Fukushima Pref. lawyers in uproar after police keep man tied up for 16 1/2 hrs
(Mainichi Japan)
FUKUSHIMA -- Lawyers in Fukushima Prefecture are set to send an advisory to police to improve their practices after they kept a man tied up for about 16 1/2 hours without giving him water or letting him use a toilet.
The Fukushima Bar Association announced on Aug. 22 that it would send a written recommendation, dated the same day, to the Fukushima Prefectural Police headquarters on the grounds that multiple officers at Koriyama Police Station in the prefecture violated the personal rights of the detainee by pinning him down and restraining him for an unnecessarily long period of time.

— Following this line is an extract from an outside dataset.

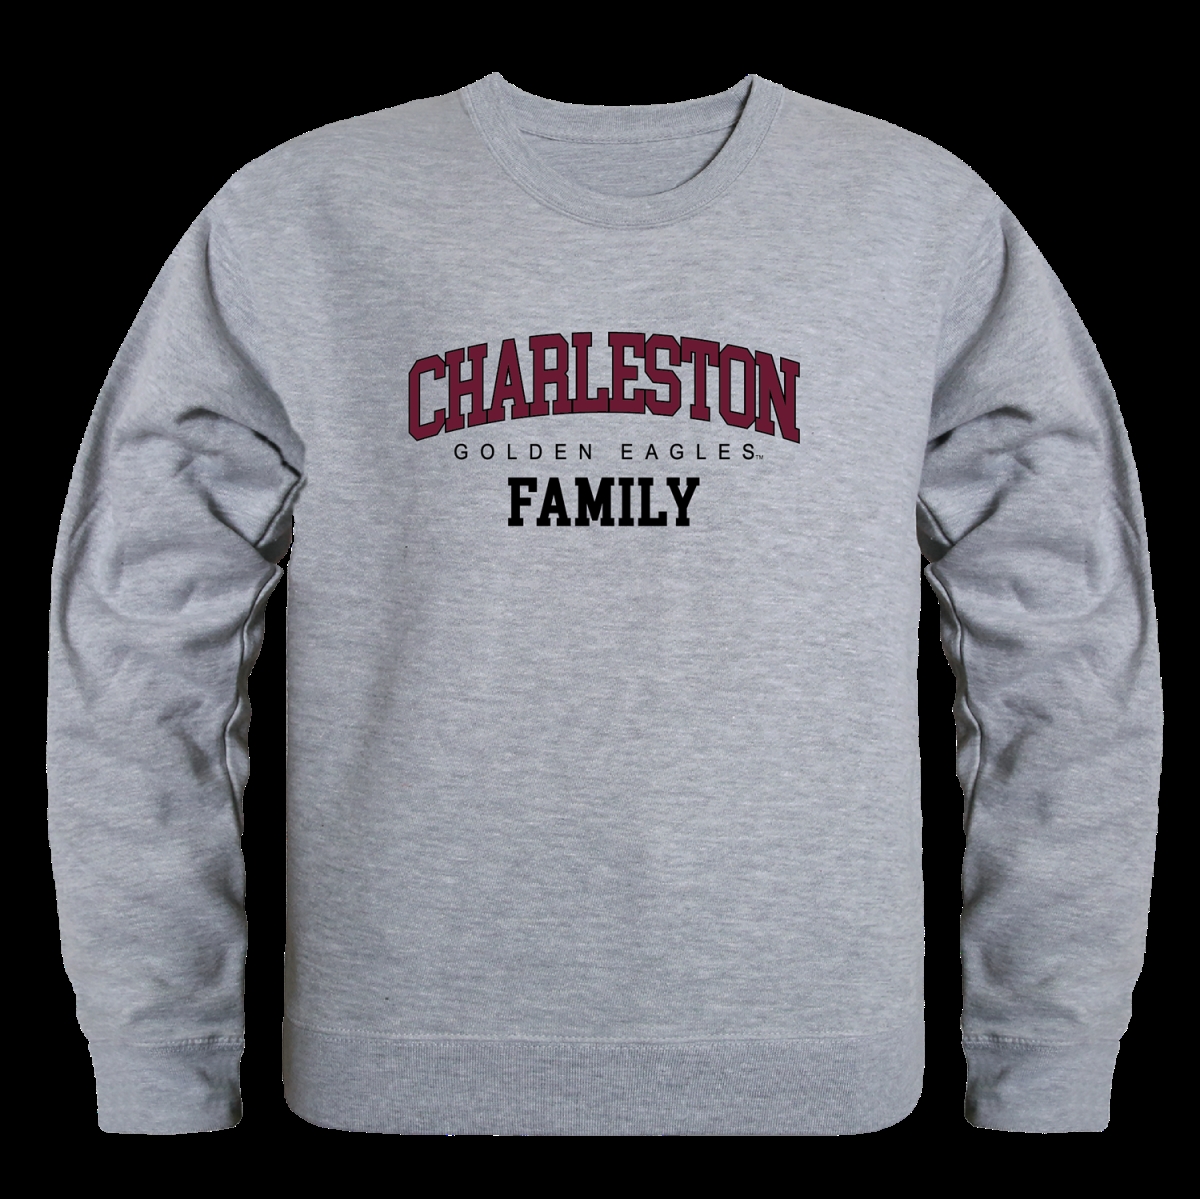 W Republic 572-630-HGY-02 College of Charleston Golden Eagles Family Crewneck Sweatshirt&#44; Heather Grey - Medium

According to the document, police arrested a man in his 40s at around 5:30 p.m. on Sept. 26, 2020, on suspicion of theft. Multiple police officers pinned the man down, put handcuffs on his wrists and fixed them to a belt around his waist after he complained about the response of the detention facility and kicked its wall. Police then tied up the suspect's legs with rope so that he could not move, and kept him in that position until around 10 a.m. the following day. During that time, the detainee was apparently not given any water or allowed to use a toilet.

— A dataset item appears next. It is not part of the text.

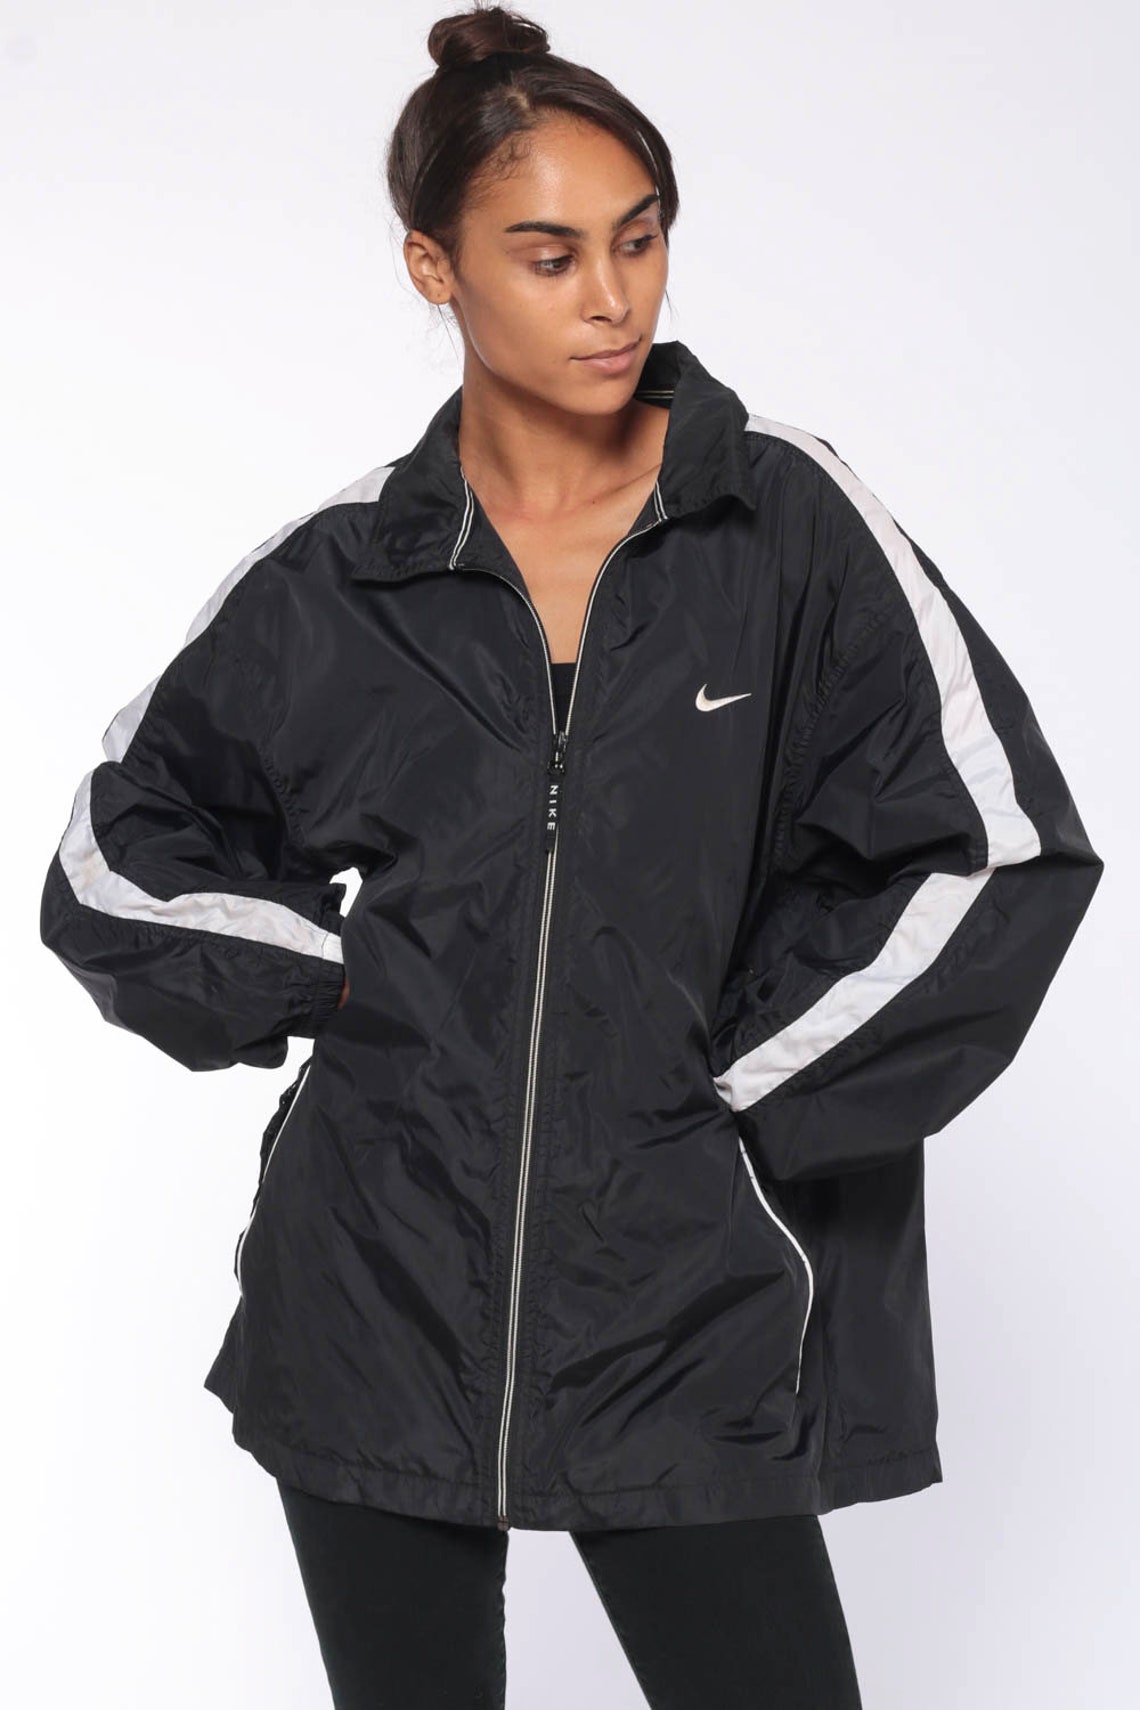 Black Nike Jacket L 90s Windbreaker Jacket Track Jacket | Etsy

The bar association's chairperson Akihiro Konno told a news conference, "We are not protesting about the detention method, but restraining him for about 16 and a half hours without a special reason is illegal. We reached the conclusion to issue the written advisory after taking the severity of the case into account while the prefectural police have not given a concrete explanation."
An official at the prefectural police's detention management division commented, "We'd like to respond appropriately depending on the (advisory's) content."